“MURID YANG TUNDUK PADA FIRMAN”
Renungan warta 7 Juni 2026
“MURID YANG TUNDUK PADA FIRMAN”
Yohanes 8 : 30-47
Sebagai murid Kristus, apakah yang sudah kita lakukan dalam hidup kita? Sering kali kita mengaku dengan bangga bahwa kita adalah murid Tuhan, tetapi justru kebingungan ketika harus mengatakan hal apa yang sudah kita lakukan untuk Tuhan. Panggilan untuk menjadi murid adalah panggilan untuk hidup sesuai dengan standar Kristus, bukan standar dunia. Lalu apa saja yang harus dilakukan seorang murid yang tunduk kepada Firman Tuhan :
Mencintai Allah diatas segalanya dan mencintai sesama seperti diri sendiri.
Cinta kepada Sang Pencipta bukanlah sekadar ucapan, melainkan penyerahan diri secara total. Ketika kita mencintai Allah dengan segenap hati, pikiran dan jiwa maka prioritas hidup kita secara otomatis akan selaras dengan kehendak-Nya. Dan perintah mencintai sesama adalah cerminan dari cinta vertikal (kepada Allah) yang diwujudkan secara horizontal (kepada manusia). Cinta kepada sesama menuntut kita untuk memperlakukan orang lain sebagaimana kita ingin diperlakukan.
Kita tidak bisa mengklaim mencintai Allah jika kita membenci atau menyakiti ciptaanNya. Sebaliknya, cinta sejati kepada sesama manusia akan tumbuh subur ketika hati kita dipenuhi oleh cinta kepada Sang Pencipta.

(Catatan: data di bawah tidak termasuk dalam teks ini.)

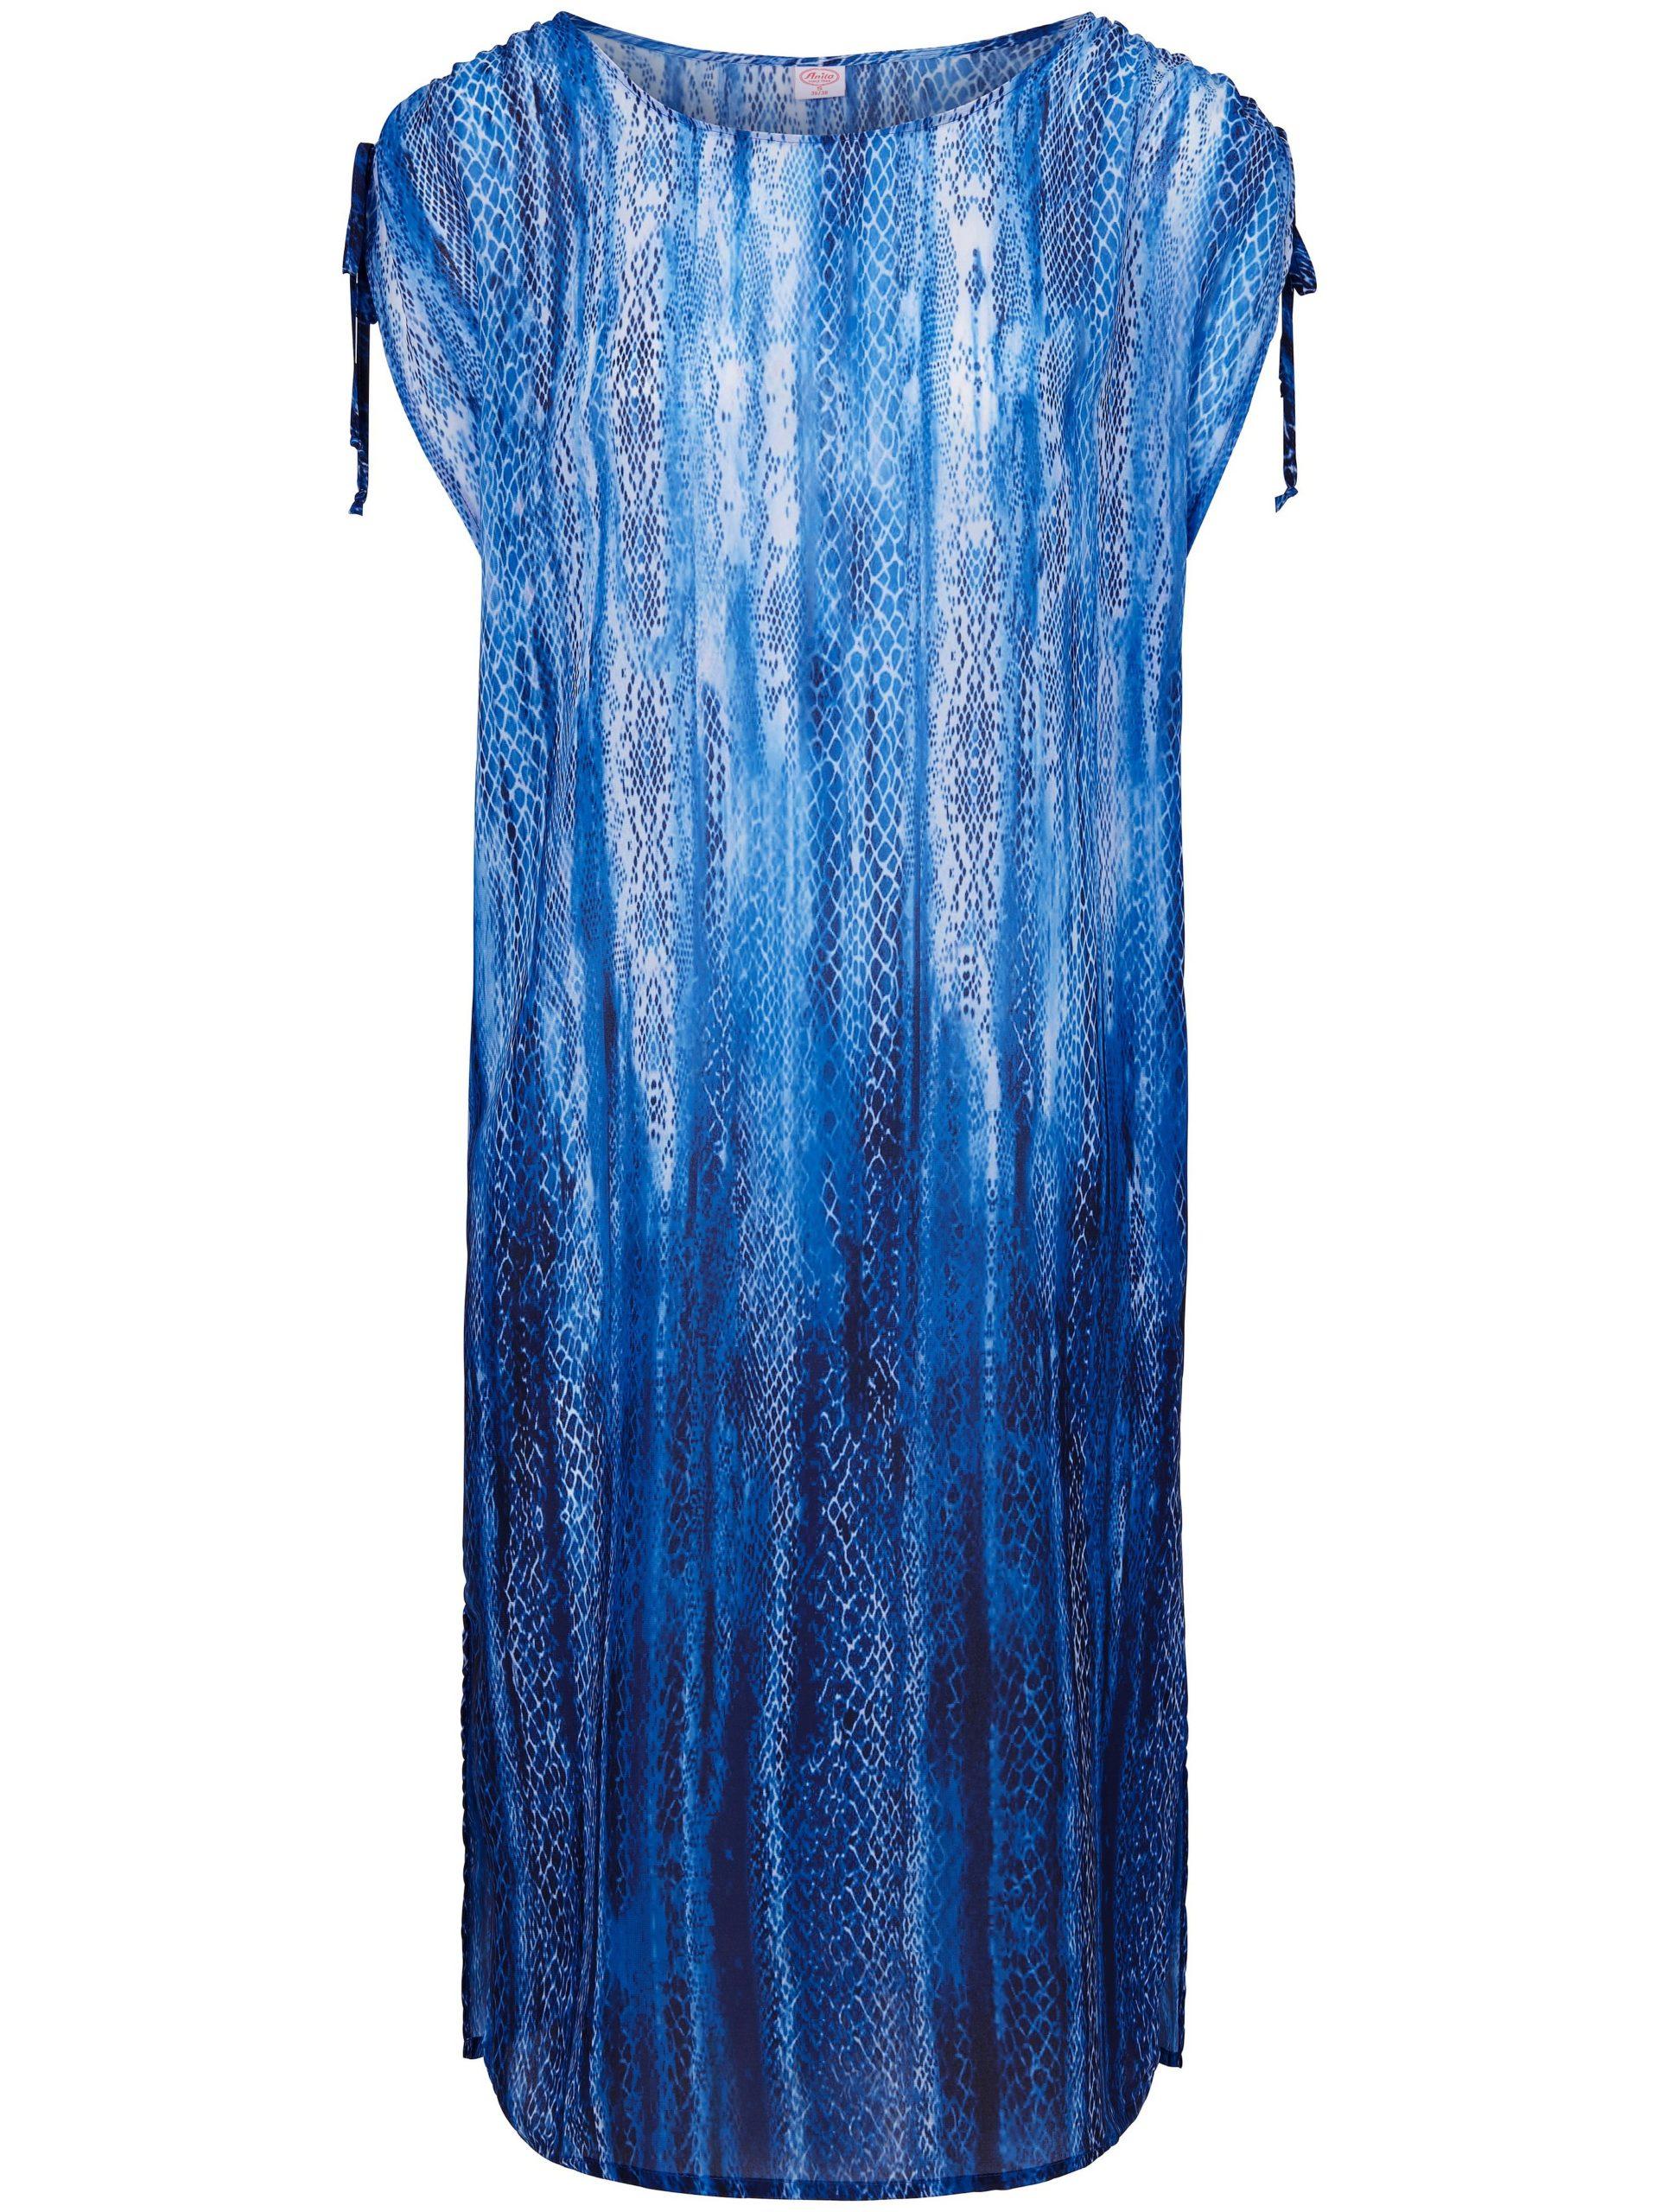 Jurk met verlaagde schoudernaden en snake-print Van Anita blauw Kopen

Hidup seturut kehendakNya.
Hidup seturut kehendakNya adalah proses penyerahan diri untuk menjadikan rancanganNya sebagai kompas utama. Ini berarti menyelaraskan tindakan kita dengan firmanNya, mengutamakan kasih, melayani sesama, dan percaya bahwa jalanNya meski terkadang penuh ujian selalu membawa damai sejahtera dan tujuan yang indah bagi kita. Untuk dapat hidup seturut dengan kehendakNya, maka kita harus :
Melibatkan Tuhan dalam Setiap Rencana: seringkali kita membuat rencana dan meminta Tuhan untuk memberkatinya. Hidup seturut kehendakNya berarti membalik prosesnya, mencari kehendak Tuhan terlebih dahulu, lalu membiarkan rencanaNya menjadi langkah kita.
Taat pada Perkara Kecil: ketaatan besar seringkali dibangun dari hal-hal kecil. Menjalankan tanggung jawab harian sebagai pelajar, karyawan, pedagang, pengusaha atau anggota keluarga dengan penuh integritas adalah bentuk nyata melakukan kehendak-Nya.
Melepaskan Kekhawatiran: Saat kita menyerahkan hidup sepenuhnya, kita diajak untuk tidak lagi dikuasai oleh kecemasan. Percayalah bahwa pemeliharaan Tuhan jauh lebih besar daripada masalah yang sedang kita hadapi.
Berbuah bagi sesama: Tuhan memanggil kita tidak hanya untuk diselamatkan, tetapi juga untuk menjadi berkat bagi sesama. Melakukan kehendak-Nya berarti membawa dampak positif dan kebaikan kepada orang-orang di sekitar kita.
Di dalam Yohanes 8 : 31 dikatakan “Jikalau kamu tetap dalam firmanKu, kamu benar-benar adalah muridku.” Dan jika kita mengaku diri sebagai murid-Nya, maka sudah semestinya kita taat dan tunduk kepada Tuhan, bukan kepada ego. Dengan merendahkan diri untuk tunduk kepada Tuhan, kita dapat mengarahkan hidup kita kepada Tuhan dengan mewujudkannya dalam hidup bagi sesama.